BRIEF:
Excluding pictures, retype the line with "A Spark of Light: A" and each line that follows it to the end of the data below, word for word.
BEGIN THE DATA
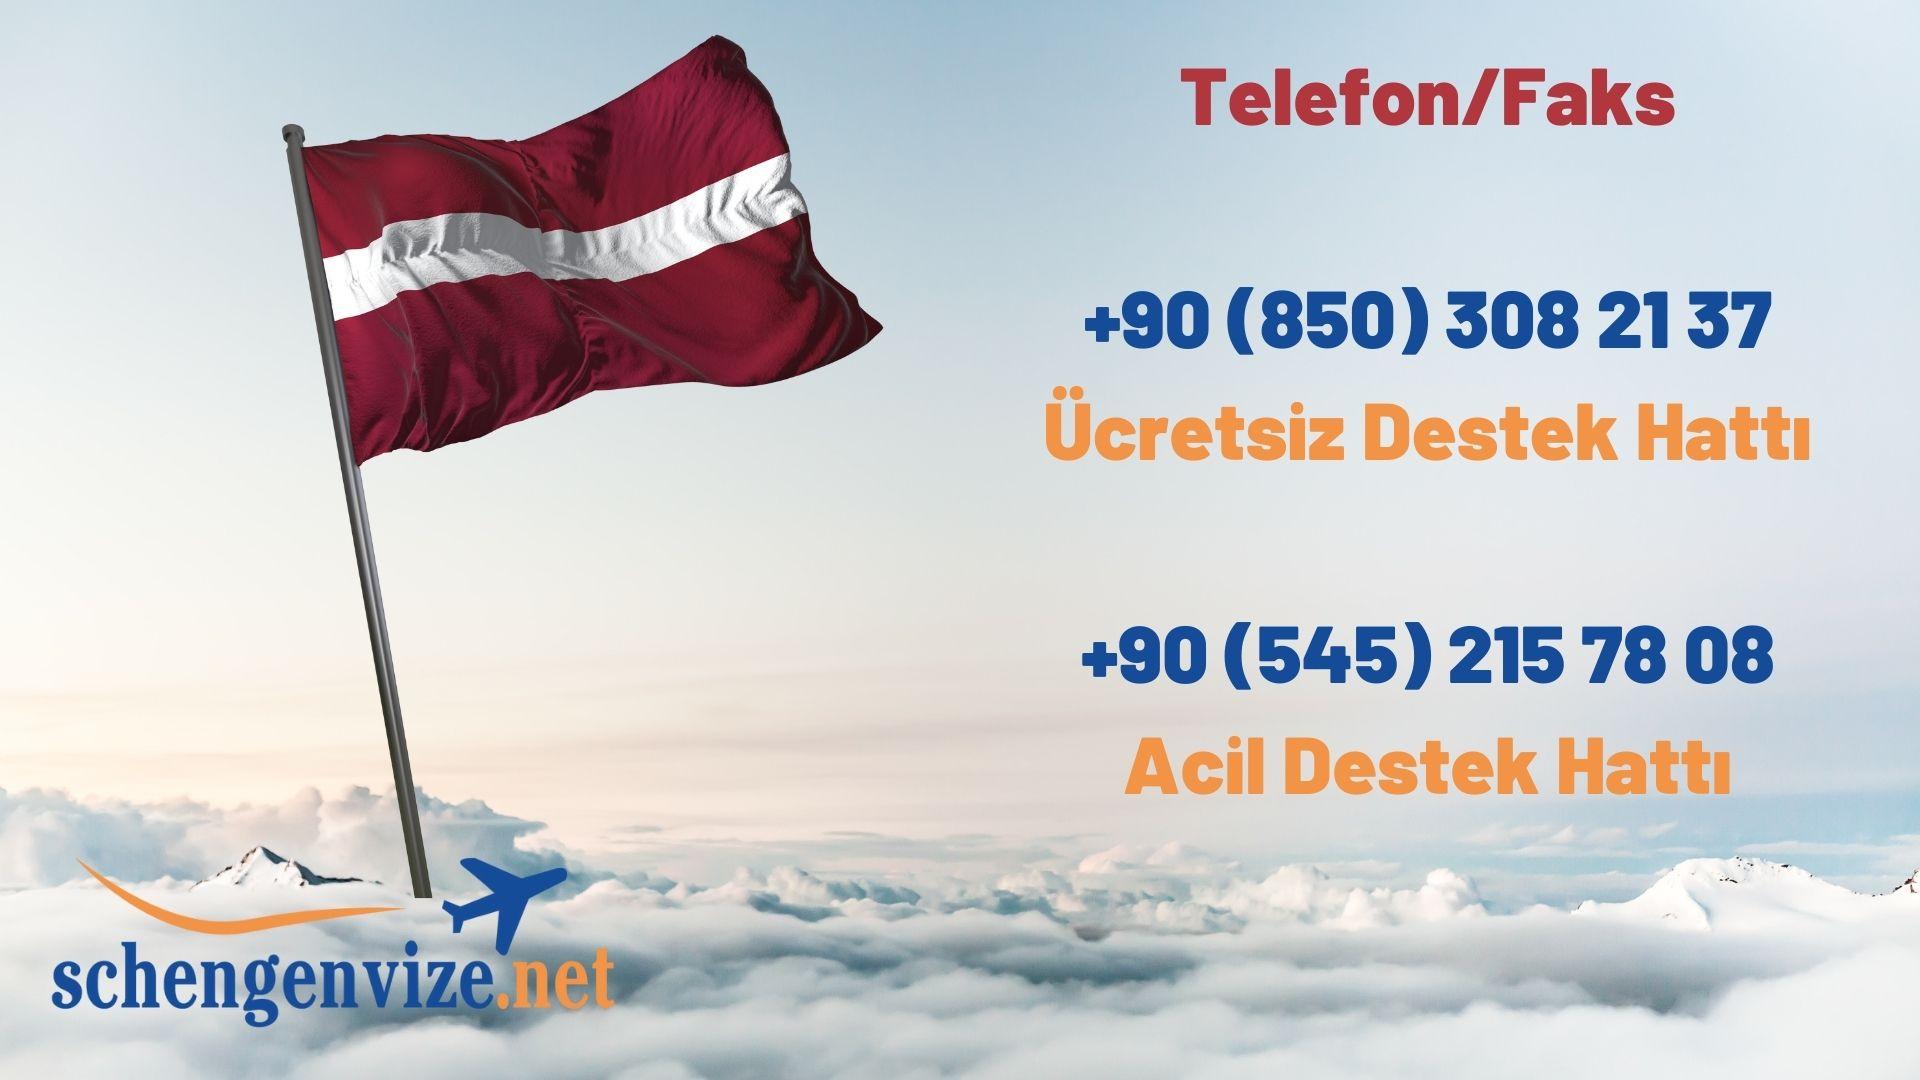 Letonya Vize İstiyor Mu?
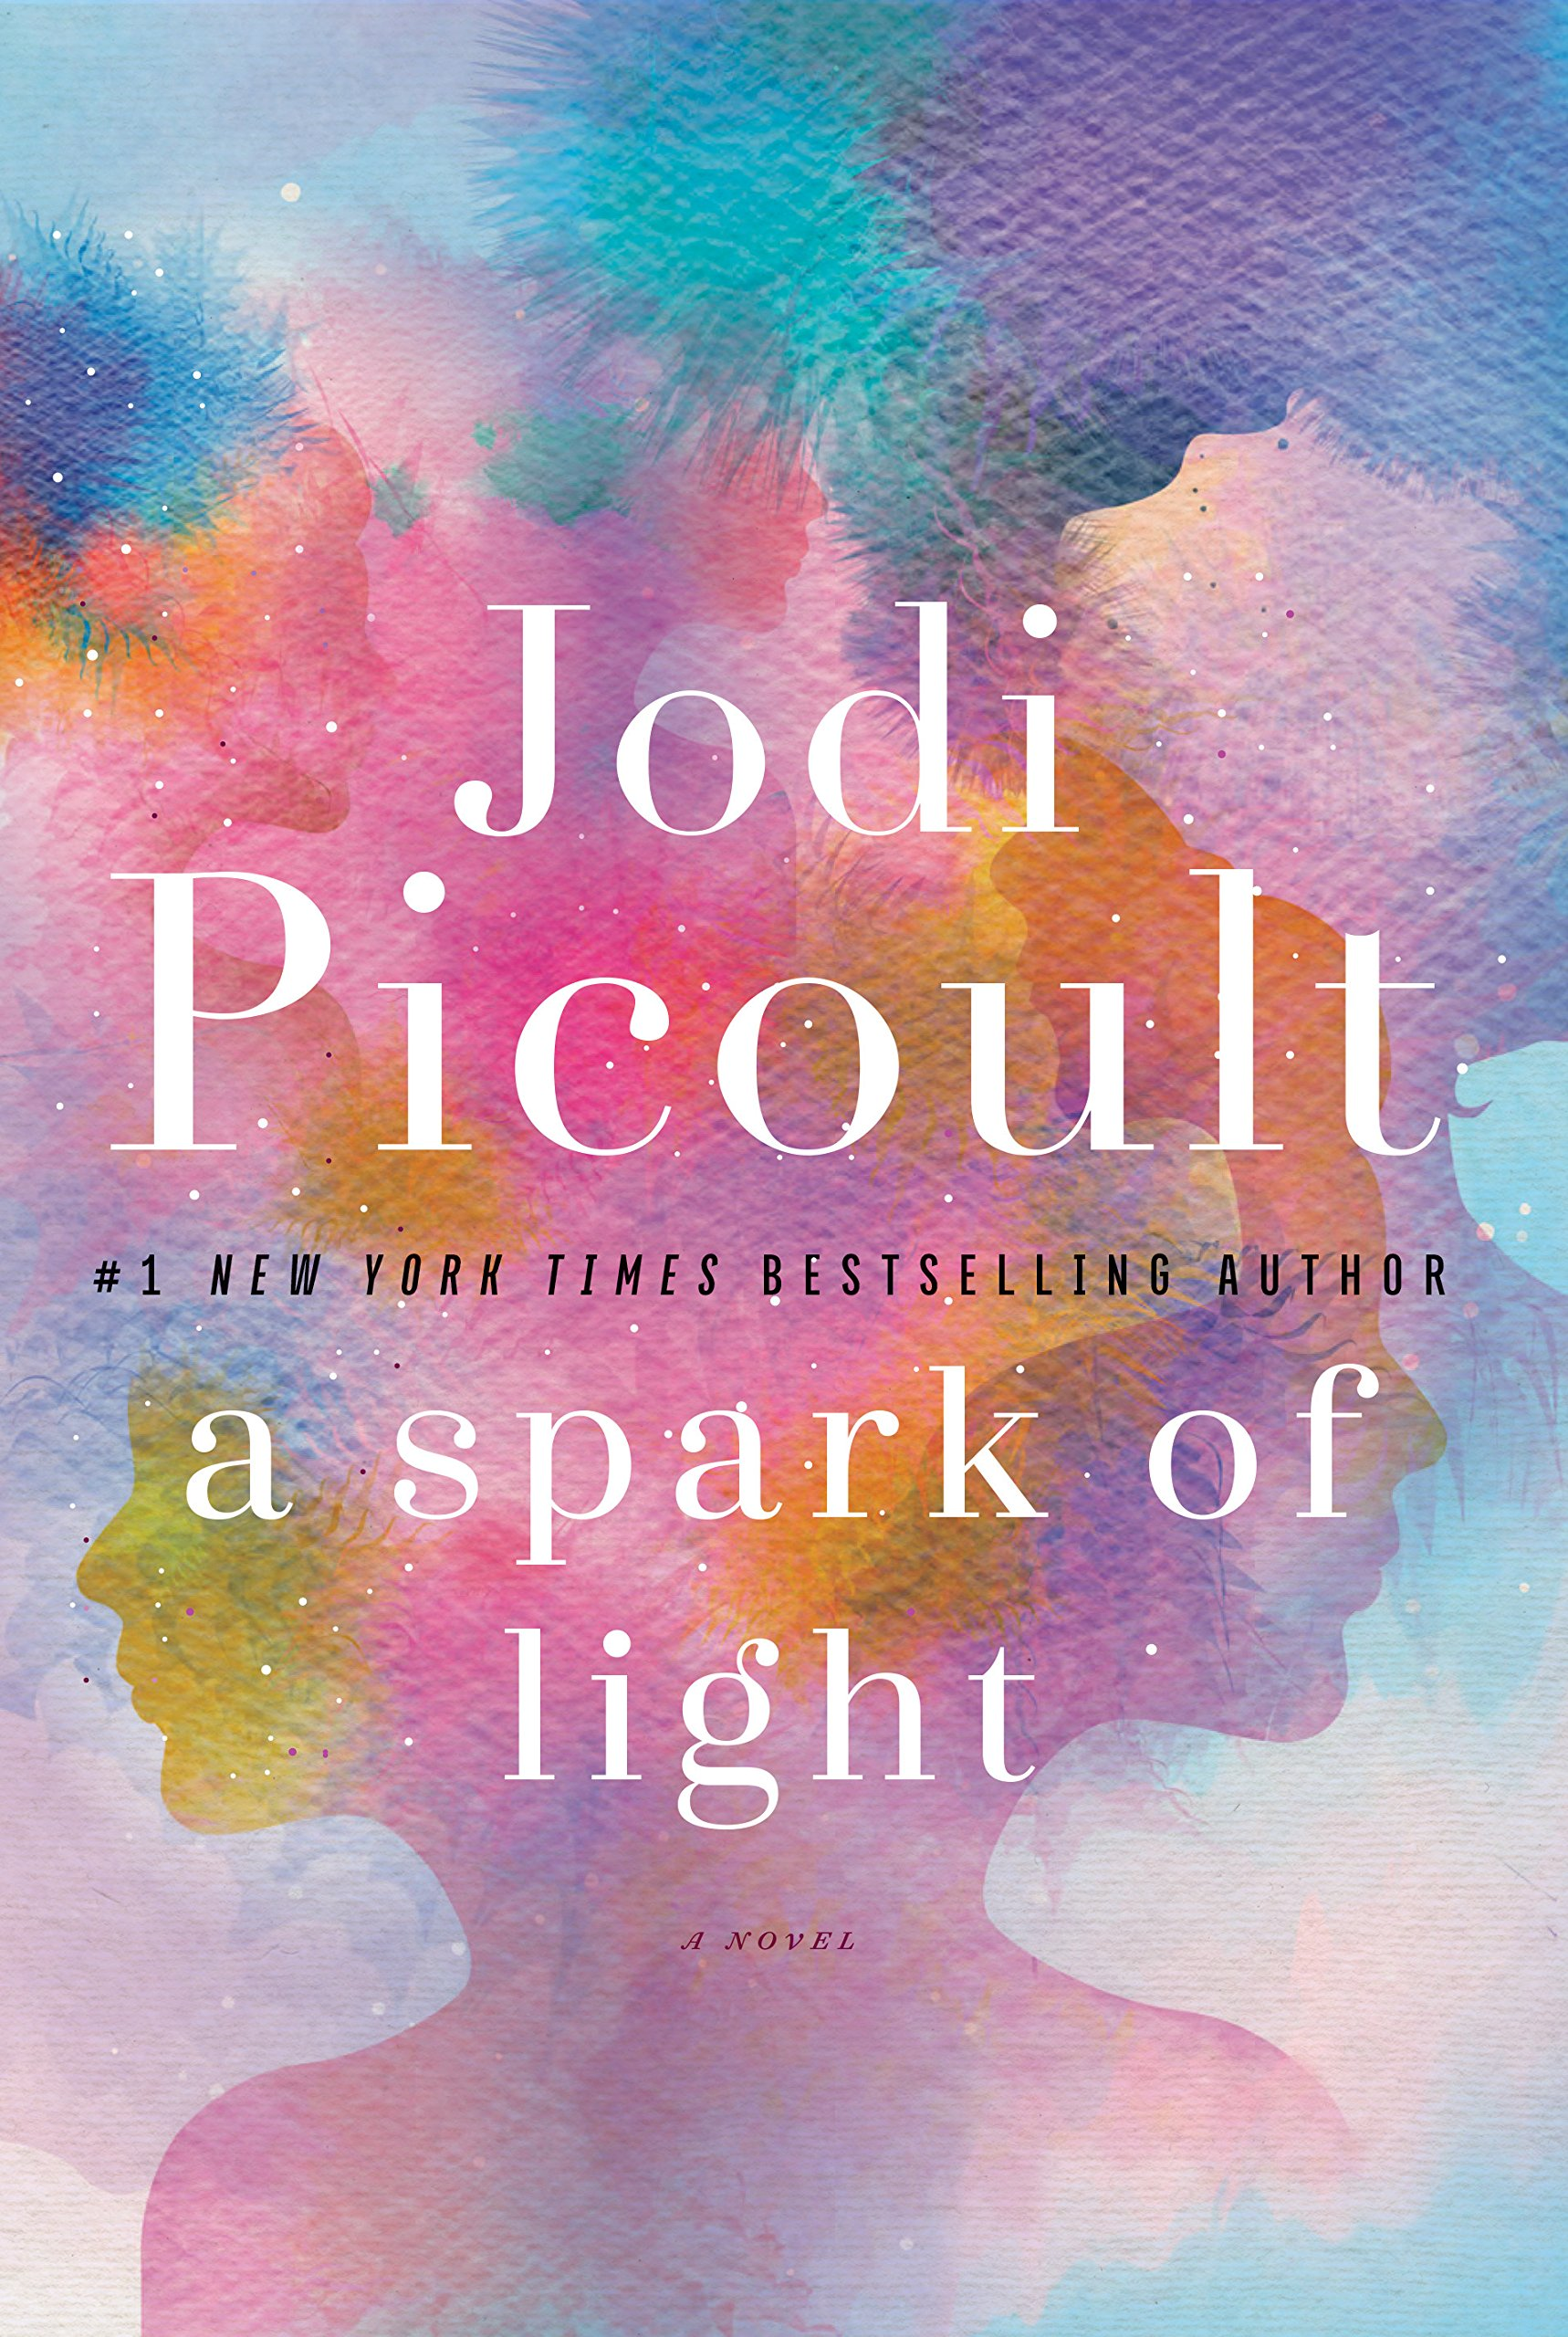 A Spark of Light: A Novel: Jodi Picoult: 9780345813411: Books - Amazon.ca
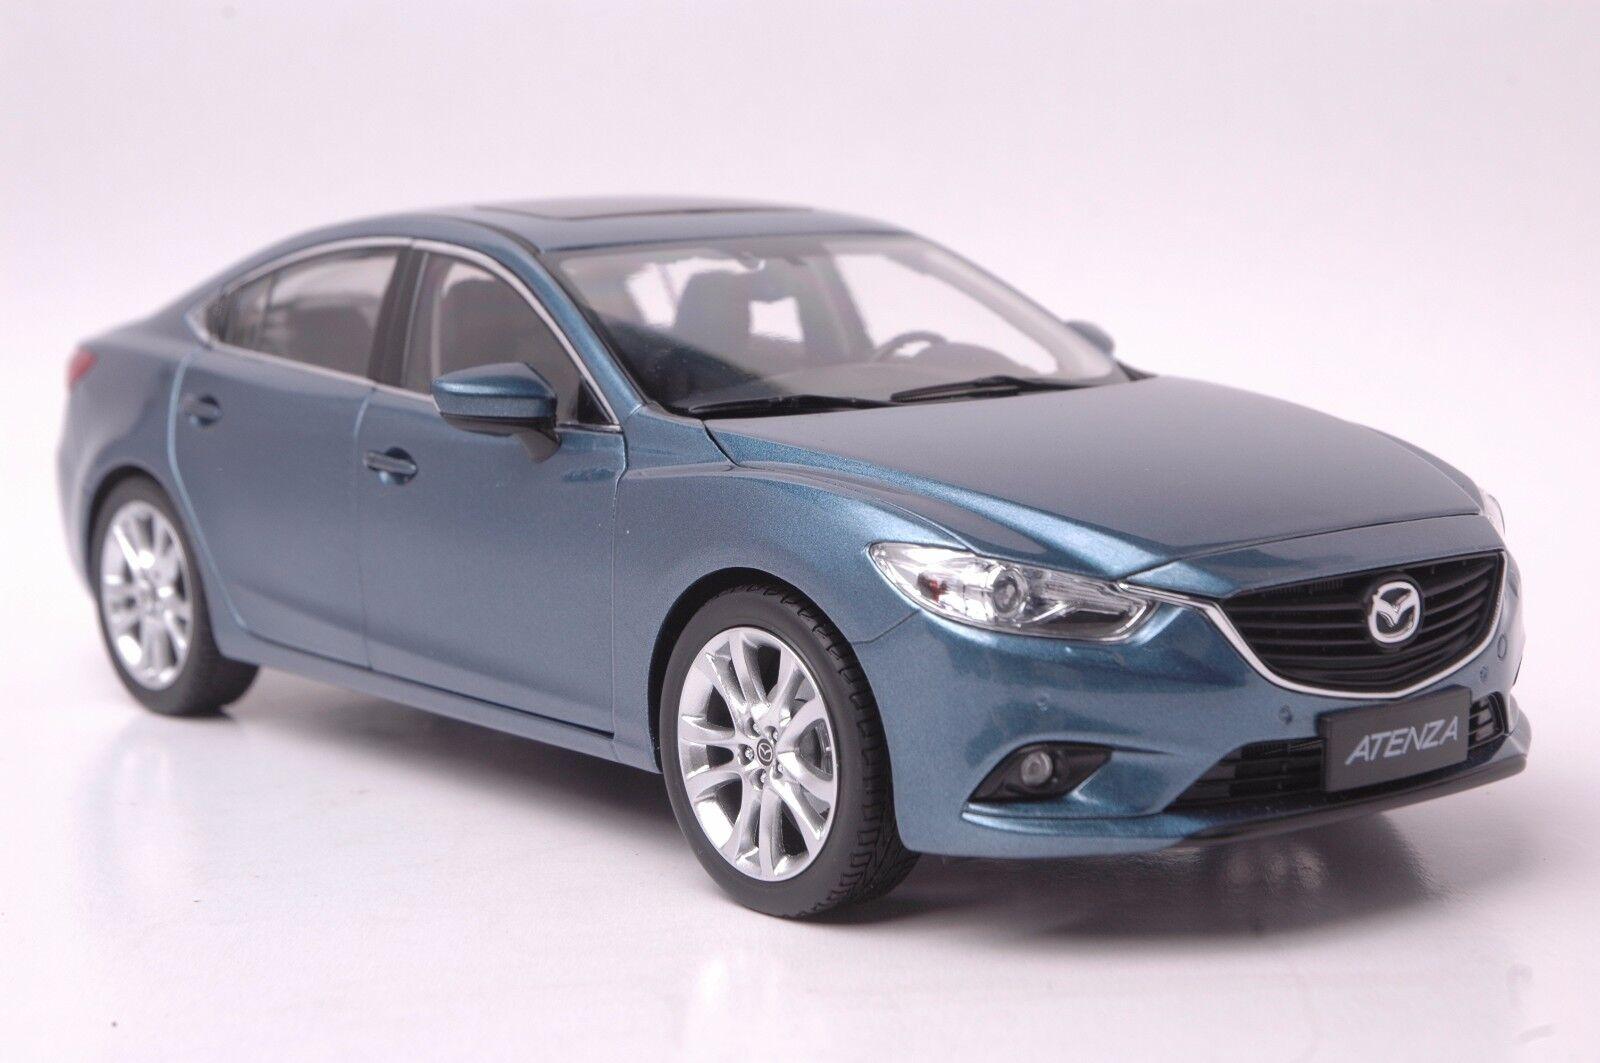 Mazda Atenza car model in scale 1 18 bluee
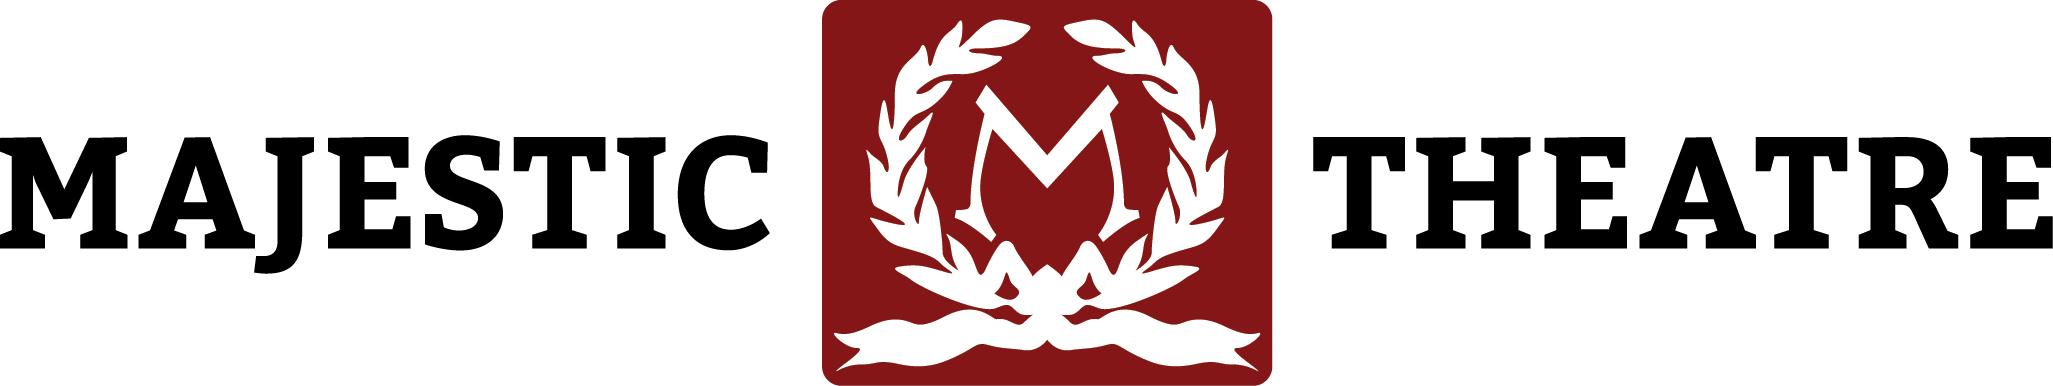 Majestic_1x5_color 1
END THE DATA
RESPONSE FOR THIS EXERCISE:
 A Spark of Light: A Novel: Jodi Picoult: 9780345813411: Books - Amazon.ca
 Mazda Atenza car model in scale 1 18 bluee
 Majestic_1x5_color 1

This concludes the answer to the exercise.